Limit spending on prepared meals
If you’re doling out more than $3,000 every year to eat out, you can start saving for the future by limiting prepared meals . You could trim from $100 to $1,000 a year off the annual tab if you simply:
- Set a monthly budget for take-out restaurant food; $100 a month adds up to $1,200 vs $3,154.
- Take advantage of specials to lower the cost of takeout pizza and other curbside dinner pickups.
- Buy prepared meals only when they’re on special or can be purchased for less with coupons.
If you invest the money you save each month, you could have a nice egg nest at the end of each year.

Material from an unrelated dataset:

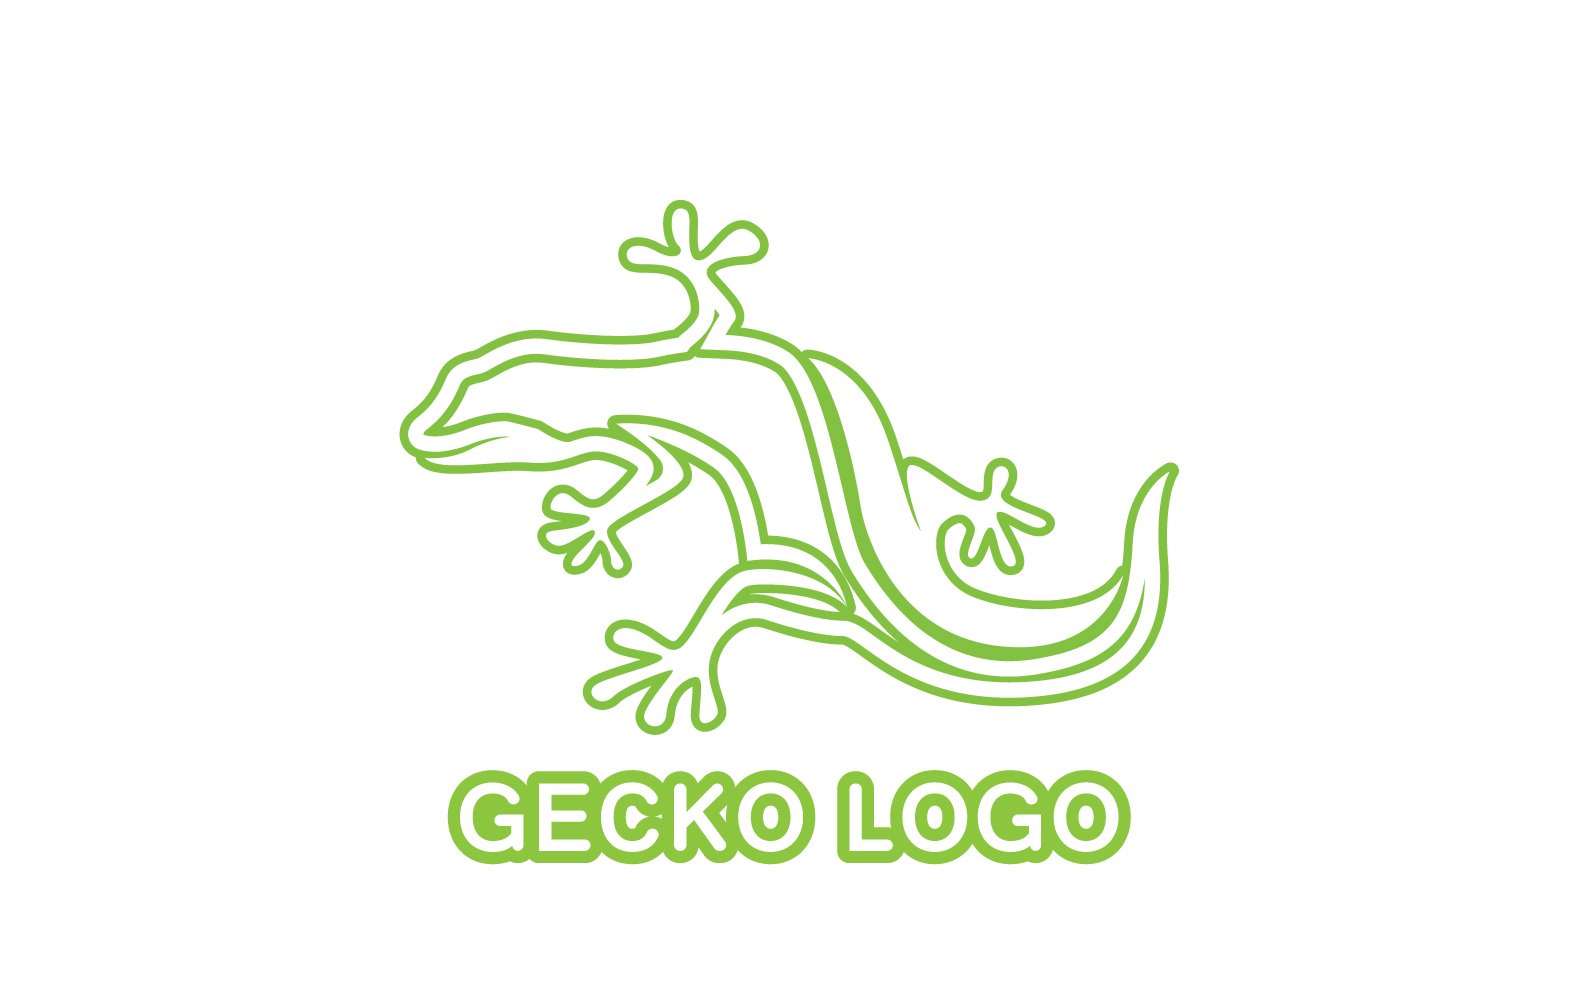 Kit Graphique #324527 Logo Gecko Divers Modles Web - Logo template Preview

To build even more wealth, save money on meals at home. You’ll pay less for food at the grocery store if you:
- Compare prices. Prices vary from store to store. Know where the best buys are for each staple in your cupboard, as well as items you regularly store in your refrigerator or freezer.
- Buy sale items and store labels vs name brands. (Difference in taste is often not noticeable).

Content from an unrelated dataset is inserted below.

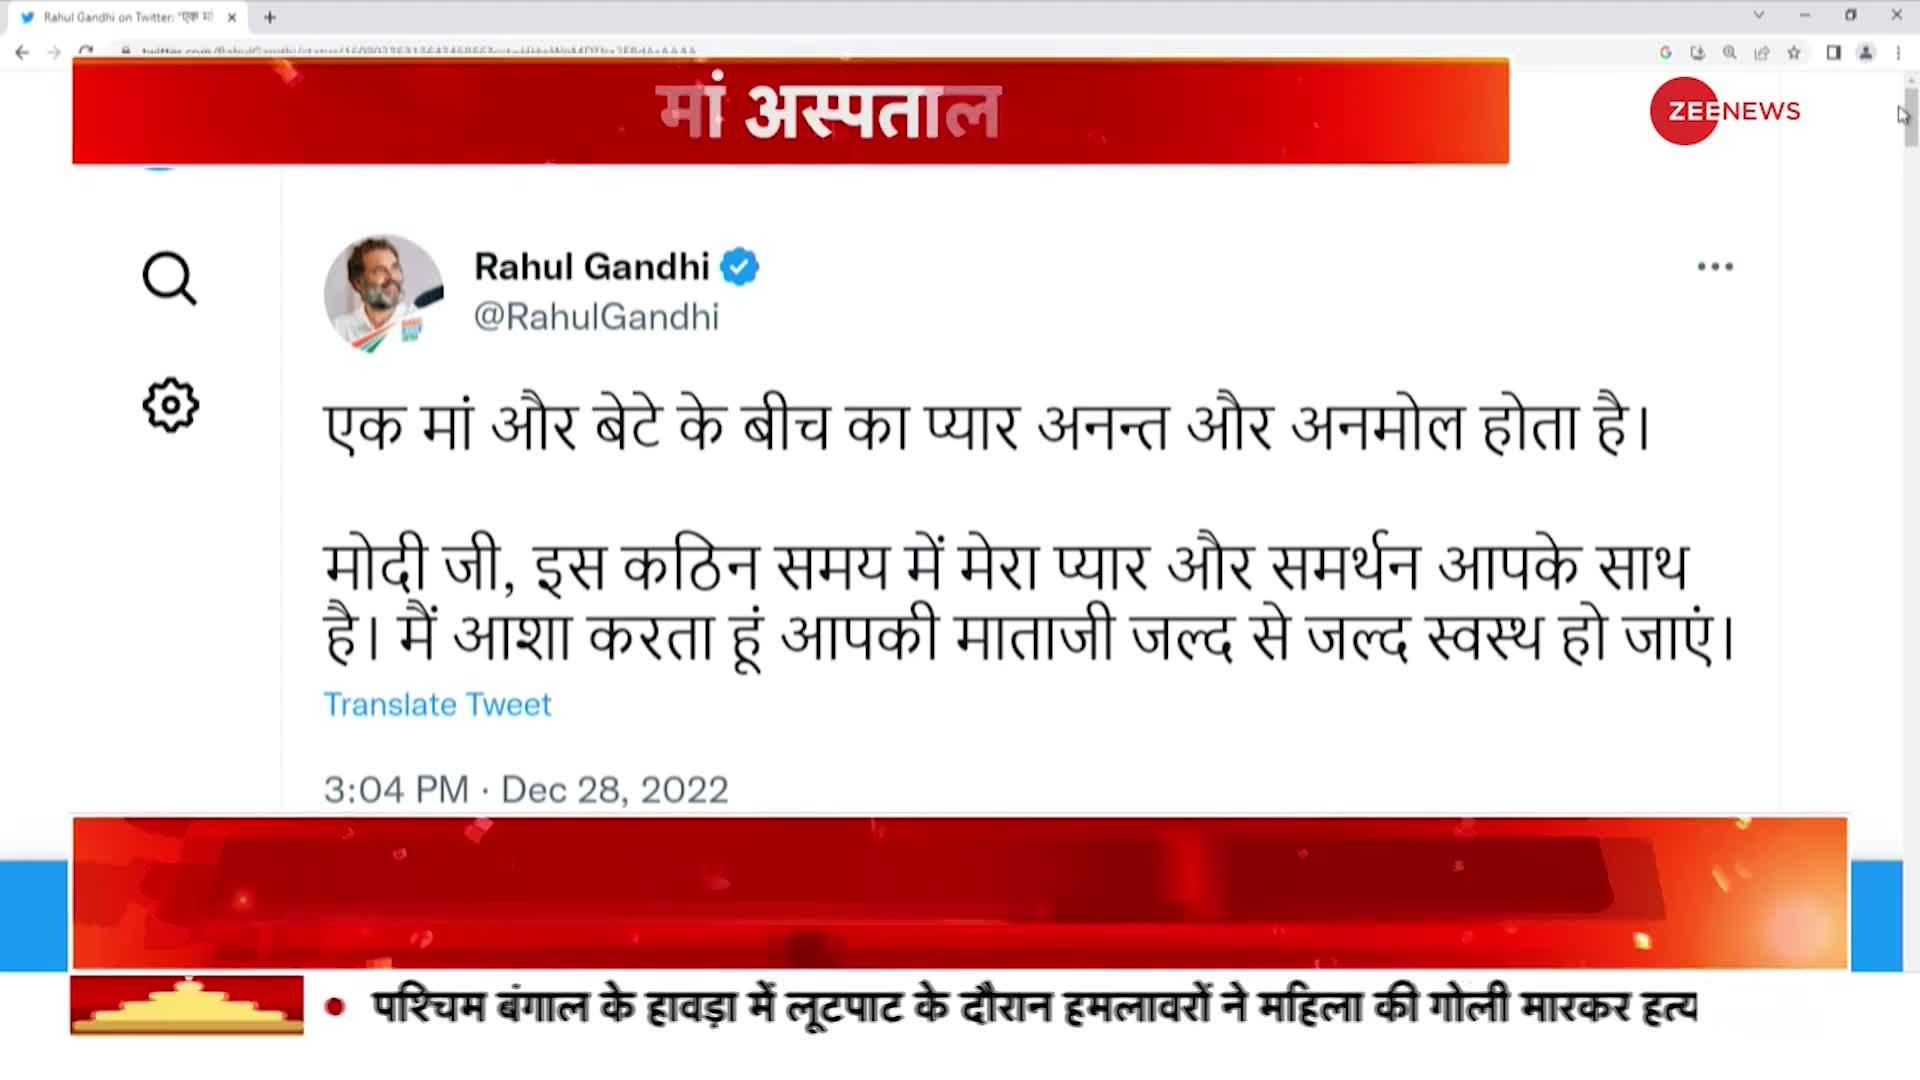 Heeraben Modi Admitted: PM Modi की मां हीराबेन के अस्पताल में भर्ती होने पर राहुल ने किया Tweet

- Bend over. Many stores stock the higher shelves with more expensive food choices. You might be surprised to see how much money you can save by stooping down to lower shelves.
Avoid food waste
Americans throw away a lot of food – wasting money that could be put to better use. To avoid waste:
. . . Take note of what goes into your garbage can each week.
. . . Buy less of whatever food items tend to be tossed out uneaten.
Saving money to invest for the future could be as easy as paying more attention to what you eat or waste.